Determine the indices of the tetrahedra touching the surfaces and save the indices into a .txt file specified with fname.

Parameters:: fname (str) – Filename of output .txt file
Returns:: <File> – Element indices of the tetrahedra touching the surfaces (outer-most elements)
Return type:: .txt file

data_elements2nodes(data)¶

Transforms an data in tetrahedra into the nodes after Zienkiewicz et al. (1992) [1]. Can only transform volume data, i.e. needs the data in the surrounding tetrahedra to average it to the nodes. Will not work well for discontinuous fields (like E, if several tissues are used).

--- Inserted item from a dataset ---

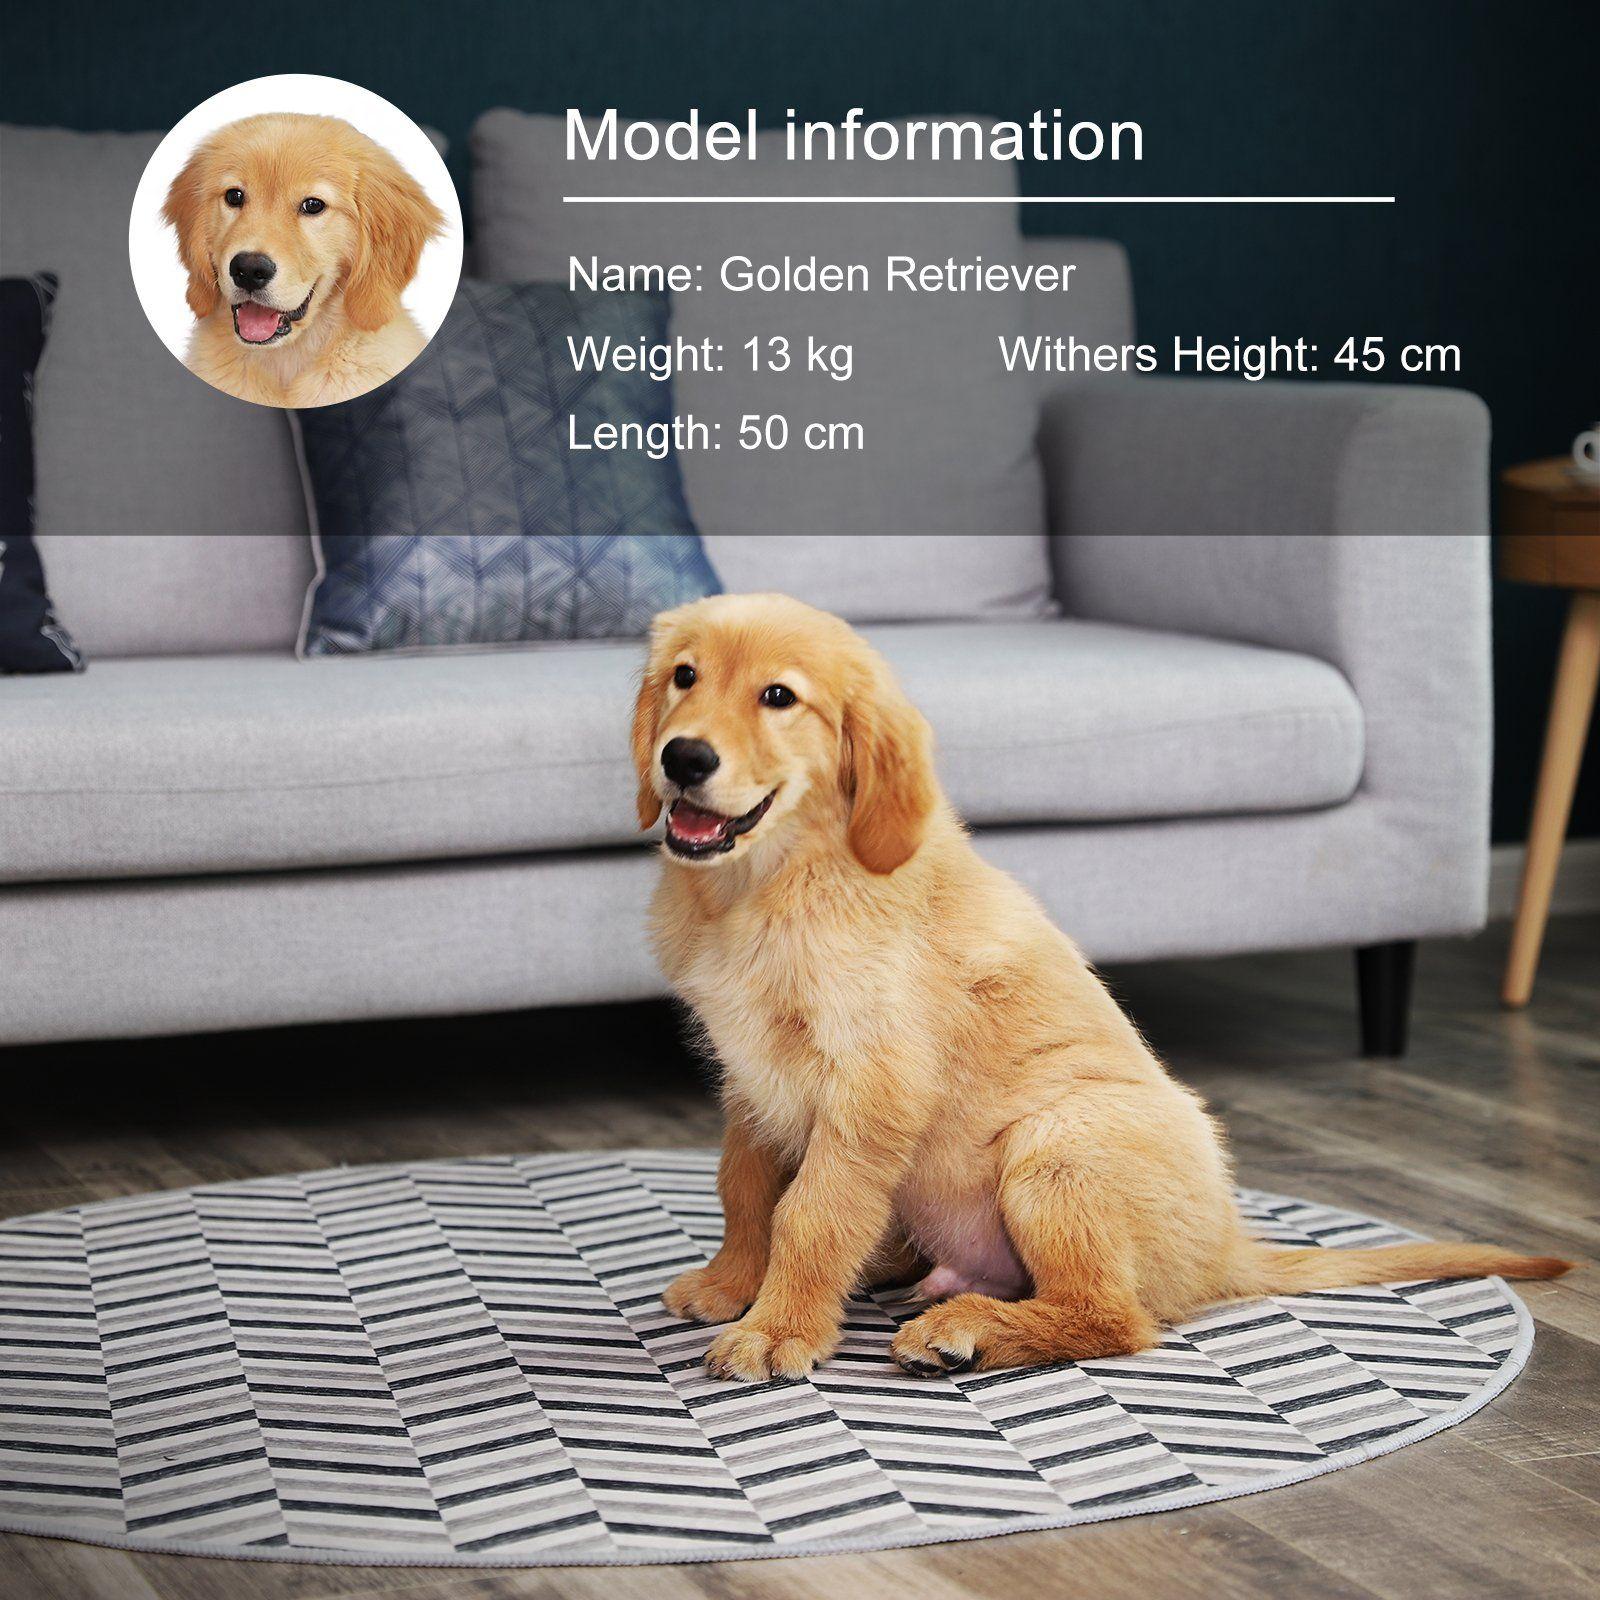 Songmics Plush Dog Bed Sofa With Detachable And Machine Washable

Parameters:: data (np.ndarray [N_elements x N_data]) – Data in tetrahedra
Returns:: data_nodes – Data in nodes
Return type:: np.ndarray [N_nodes x N_data]

Notes

[1]

Zienkiewicz, Olgierd Cecil, and Jian Zhong Zhu. “The superconvergent patch recovery and a posteriori error estimates. Part 1: The recovery technique.” International Journal for Numerical Methods in Engineering 33.7 (1992): 1331-1364.

data_nodes2elements(data)¶

Interpolate data given in the nodes to the tetrahedra center.

Parameters:: data (np.ndarray [N_nodes x N_data]) – Data in nodes
Returns:: data_elements – Data in elements
Return type:: np.ndarray [N_elements x N_data]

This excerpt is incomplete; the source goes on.